High-polyphenol sorghum extract (HPE) enhances bacterial killing by RAW 264.7 macrophages. (A) Quantification L. pneumophila ∆flaA recovered from RAW 264.7 macrophages treated with either HPE (1.25 mg/mL) or vehicle control. (B) Quantification L. pneumophila ∆flaA recovered from RAW 264.7 macrophages treated with either 1.25 mg/mL, 0.625 mg/mL or volume equivalent vehicle. (C) Quantification L. pneumophila dotA::Tn recovered from RAW 264.7 macrophages treated with either 1.25 mg/mL, 0.625 mg/mL or volume equivalent vehicle. Colony forming units (CFU) were enumerated at the indicated times post-infection. Data are presented as mean ± standard deviation (s.d.) of samples in triplicates. Asterisks denote statistical significance (**P < 0.01, *P < 0.05) by Students t-test compared to vehicle control. Data are representative of at least two independent experiments.

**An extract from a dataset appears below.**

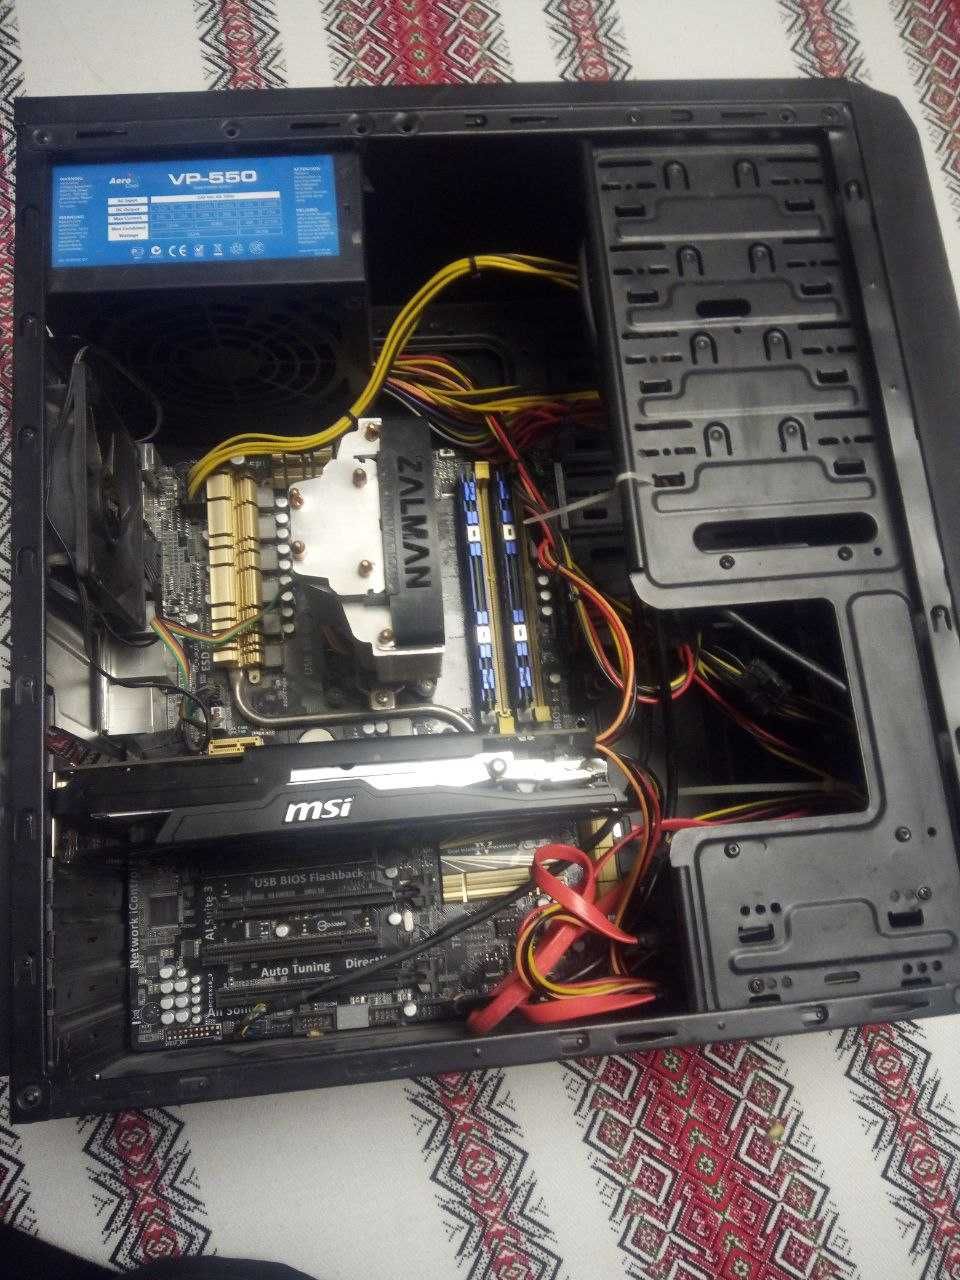 Компютер PC AMD A10, Asus A88X-Pro, 16 GB RAM, SSD 128 + HDD 500

We subsequently evaluated whether HPE-mediated growth defects were restricted to replicating bacteria. RAW264.7 cells were treated with either vehicle control, 0.625 mg/mL, or 1.25 mg/mL HPE and infected with a strain of L. pneumophila with a loss-of-function mutation in dotA (dotA::Tn), which encodes a component of the Dot/Icm secretion system that is essential for effector translocation and thus bacterial intracellular replication. Although not replicating, the dotA::Tn strain persists within RAW 264.7 treated with vehicle control up to 48 h; however, this strain was cleared more rapidly from RAW 264.7 cells treated with HPE in a dose-dependent manner (Fig 1C). These data suggest that HPE-treatment enhances the microbicidal activity of RAW 264.7 cells.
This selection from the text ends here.